> **WORK REQUIRED**:
Each line of the data below should be restated exactly, with images left out.

> **DATA PROVIDED**:

----------------

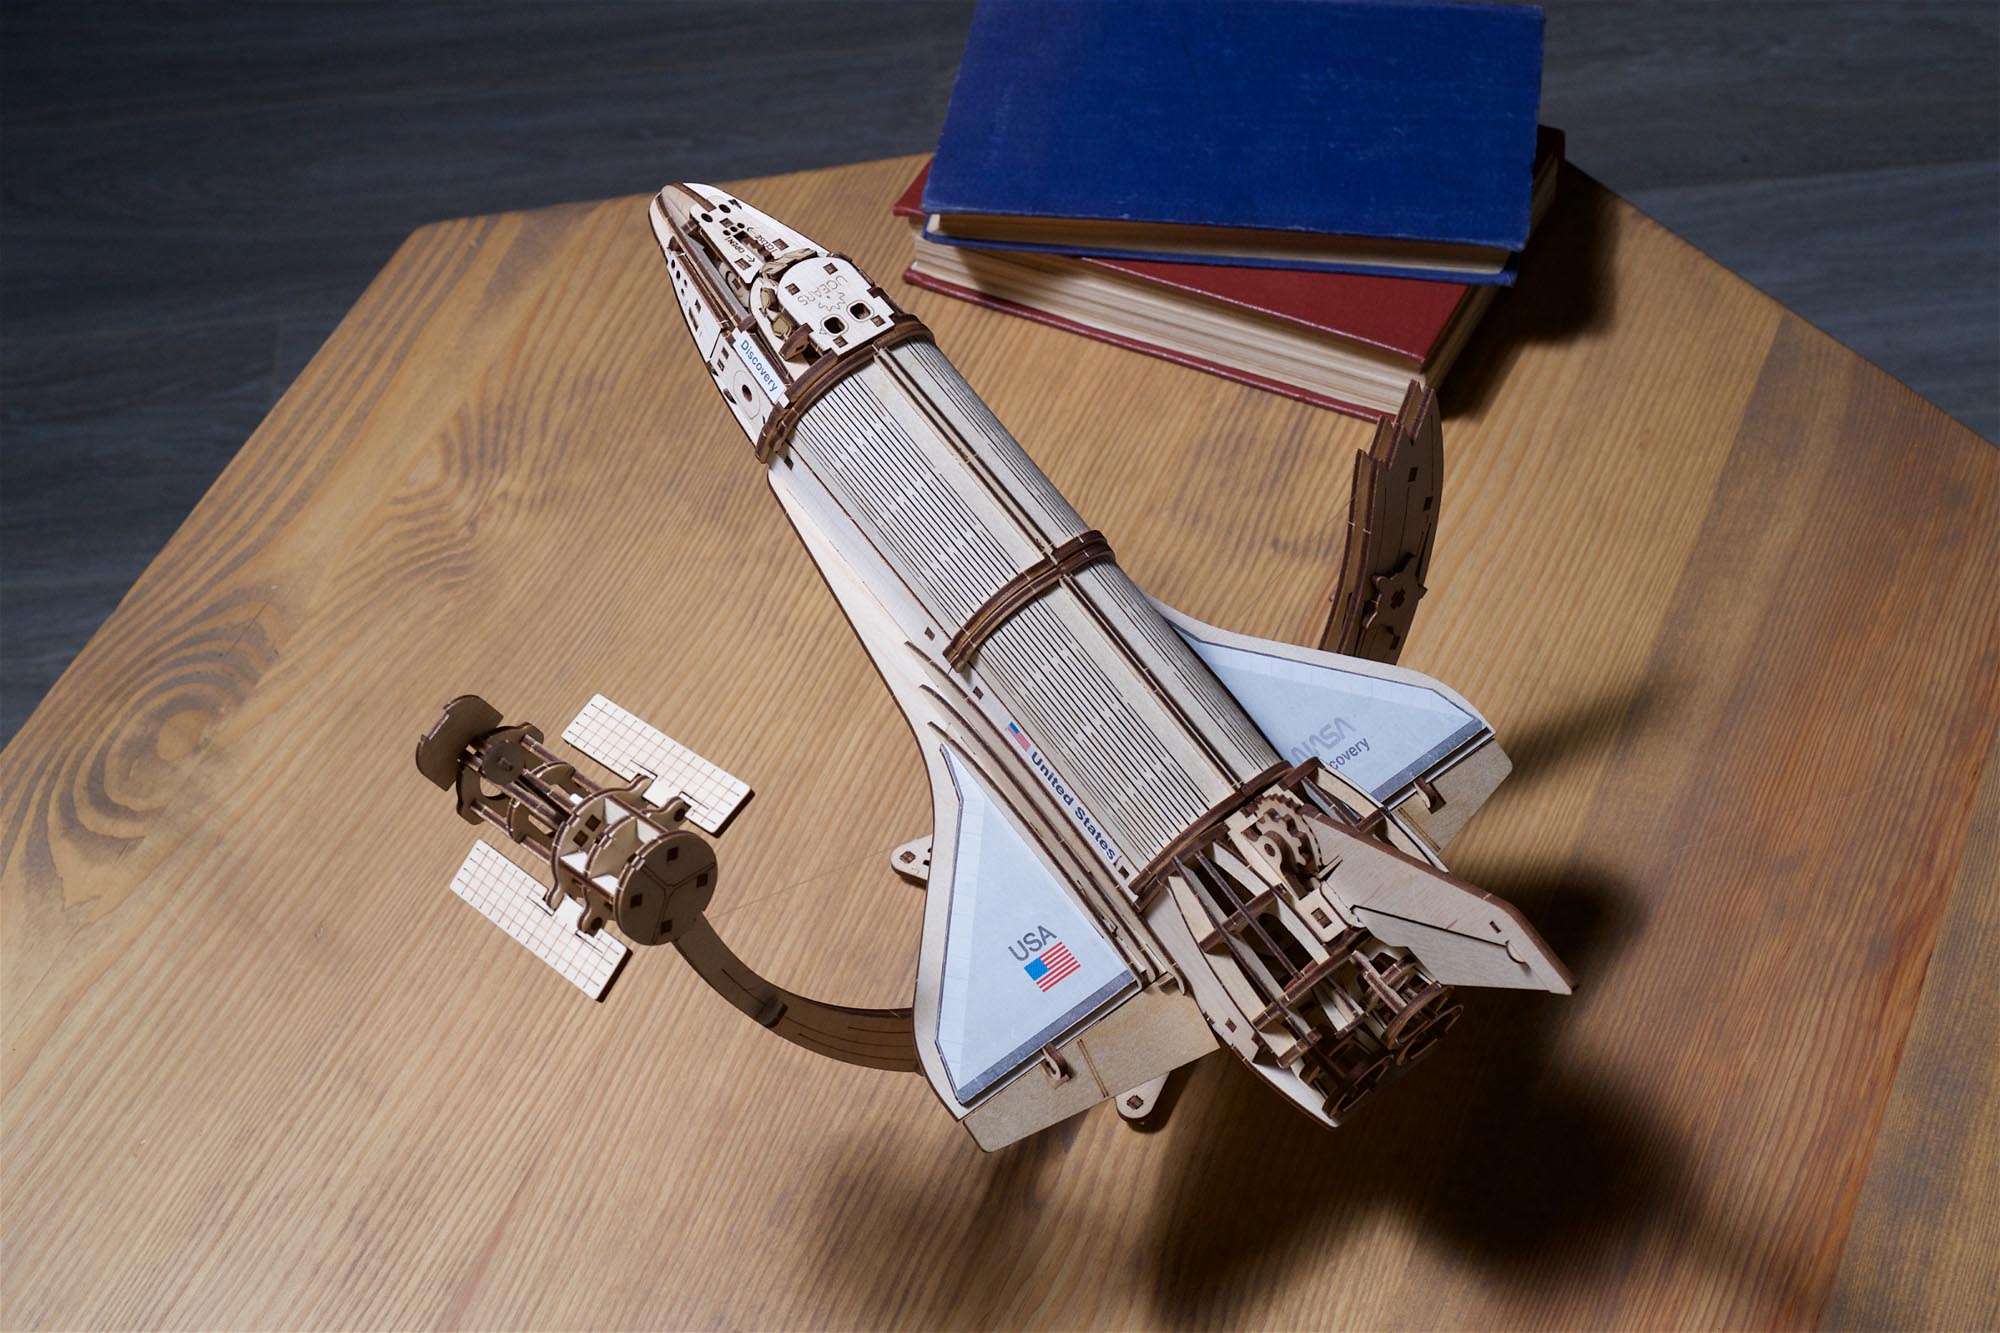 Space Shuttle Transport Kids Woodworking Kit
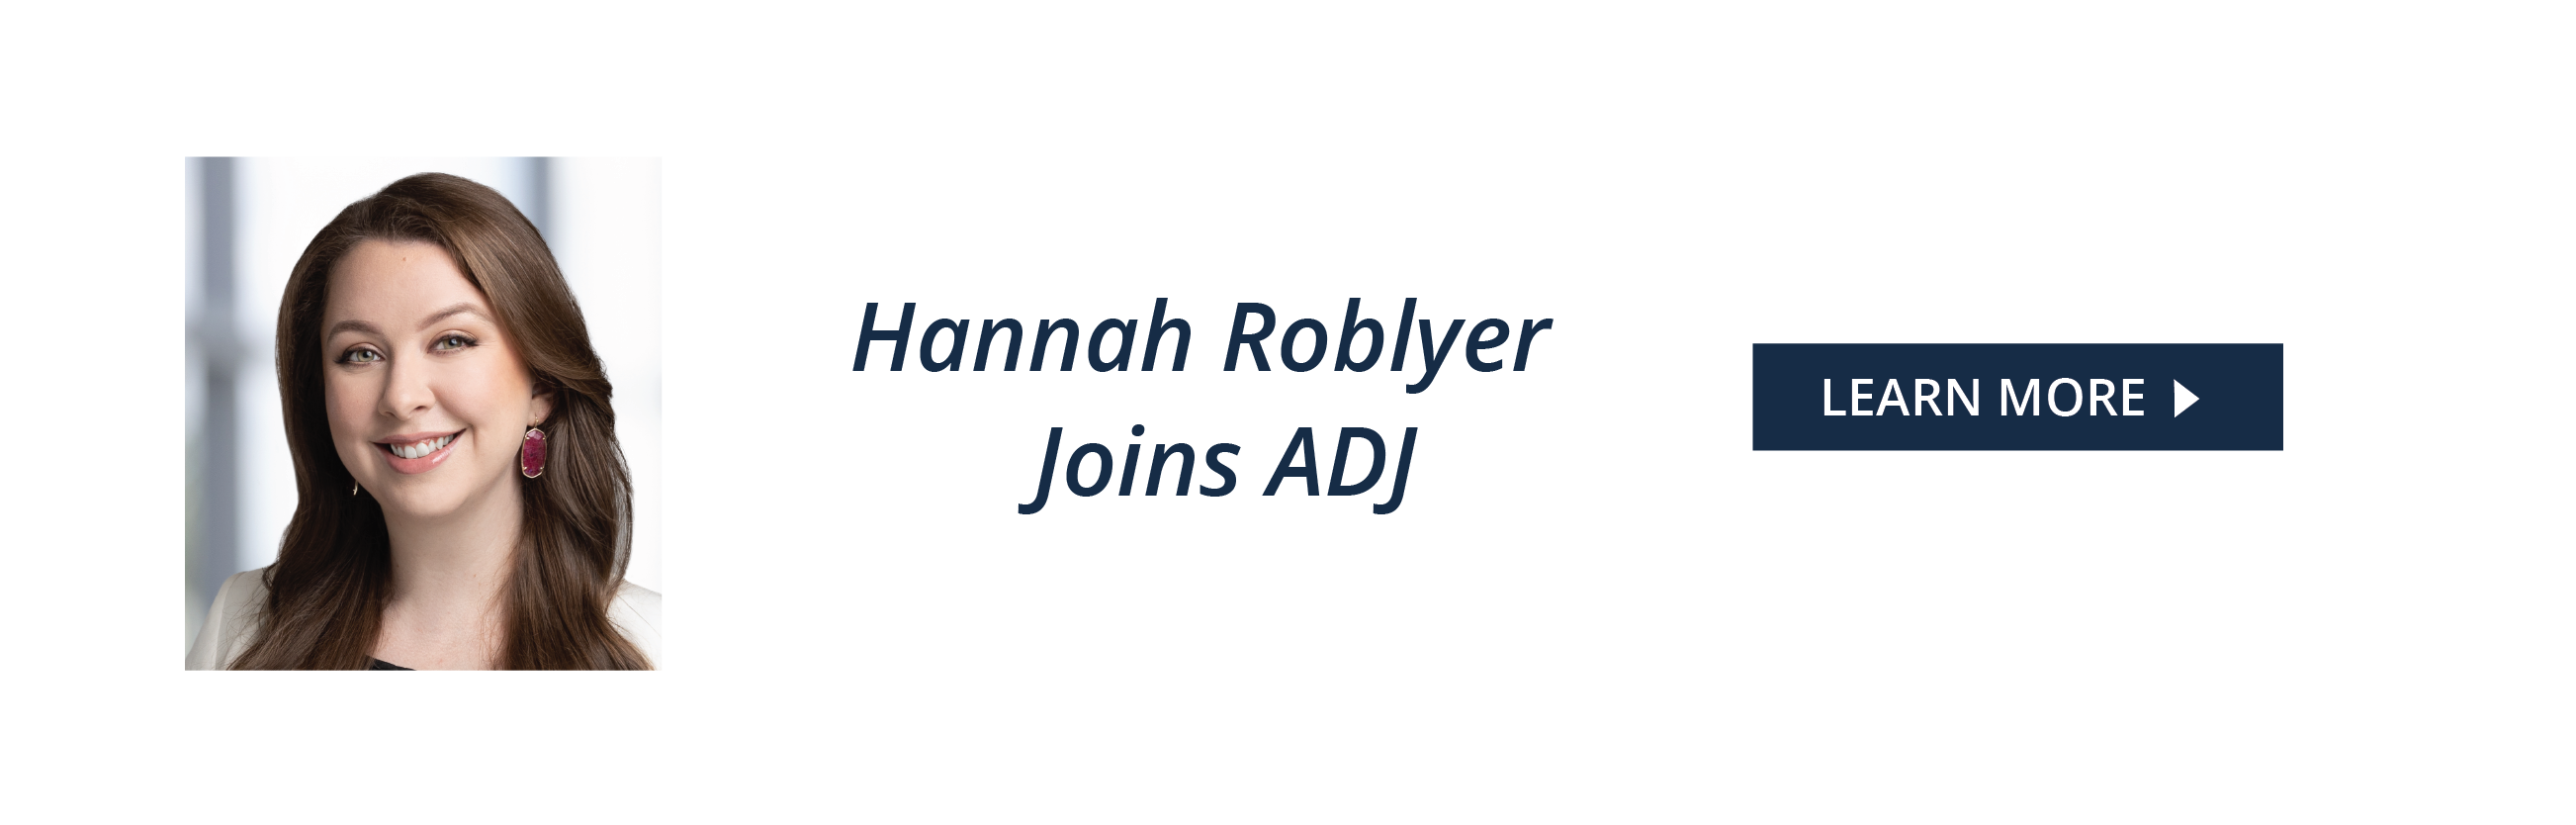 Hannah Roblyer Slider_6Chambers copy 3
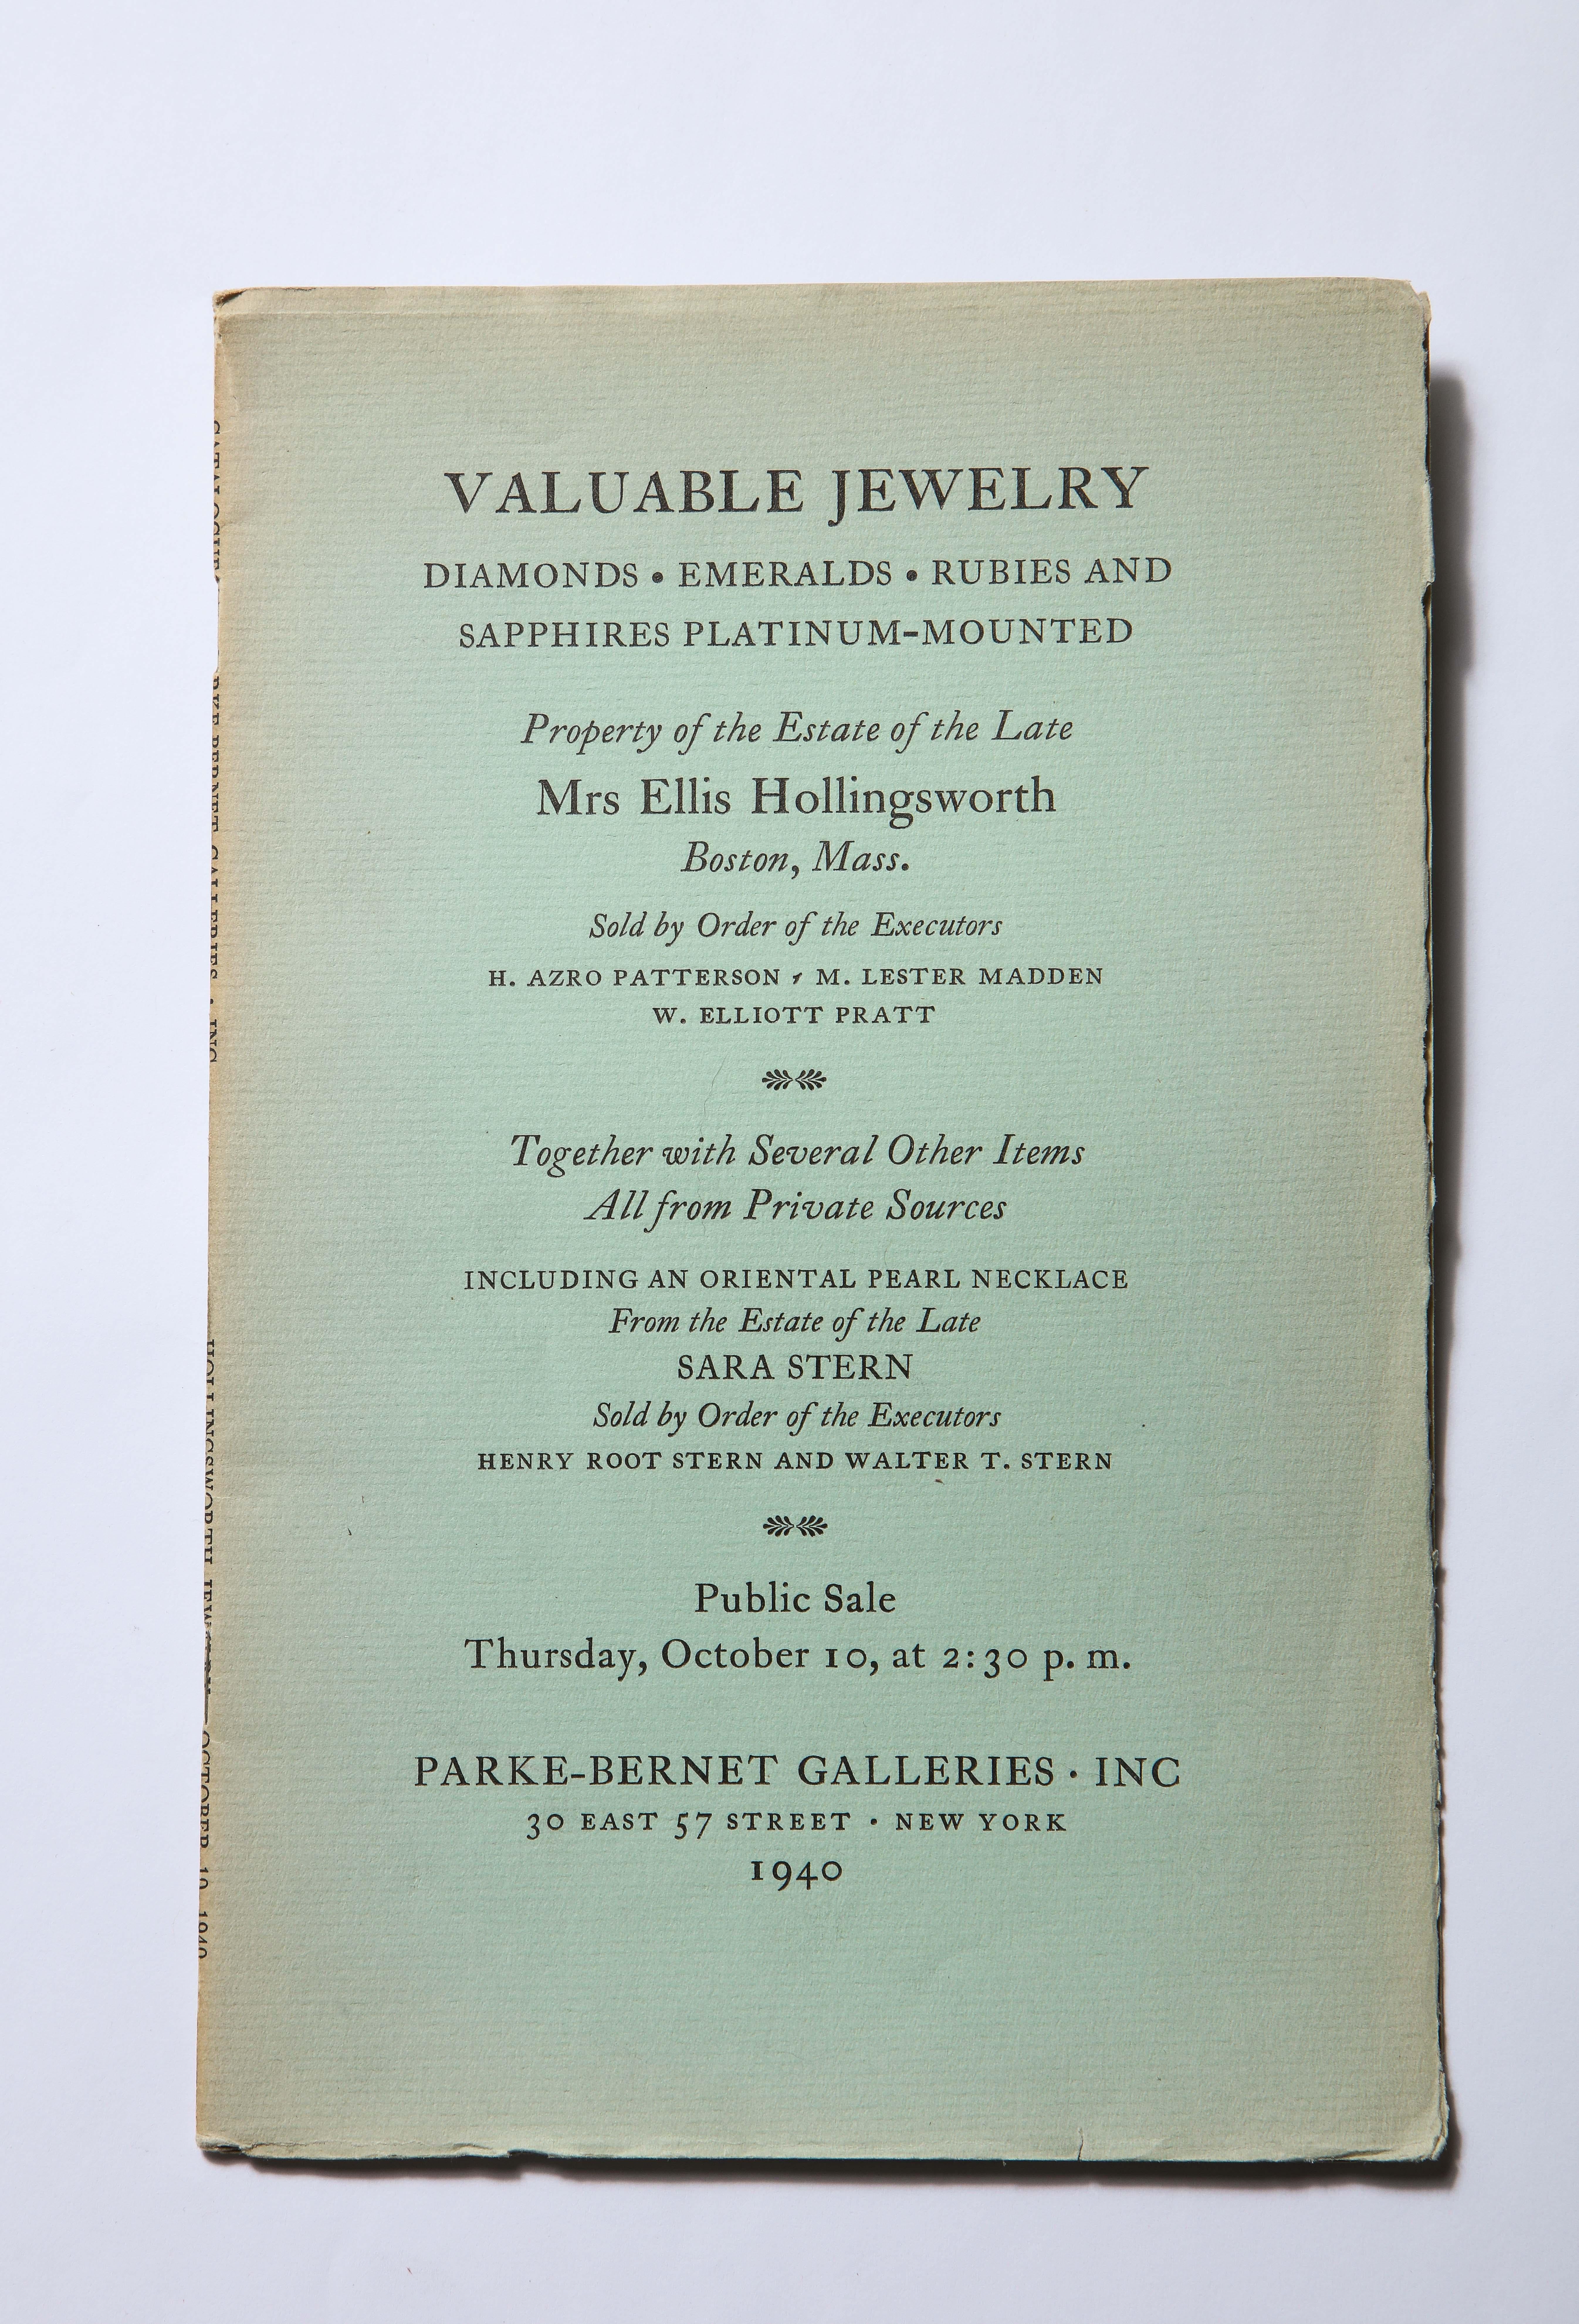 Sammler Vintage Sotheby Important Jewelry Auktionskataloge Cartier Art Deco im Angebot 1

----------------

> **TASK SOLUTION**:
 Space Shuttle Transport Kids Woodworking Kit
 Hannah Roblyer Slider_6Chambers copy 3
 Sammler Vintage Sotheby Important Jewelry Auktionskataloge Cartier Art Deco im Angebot 1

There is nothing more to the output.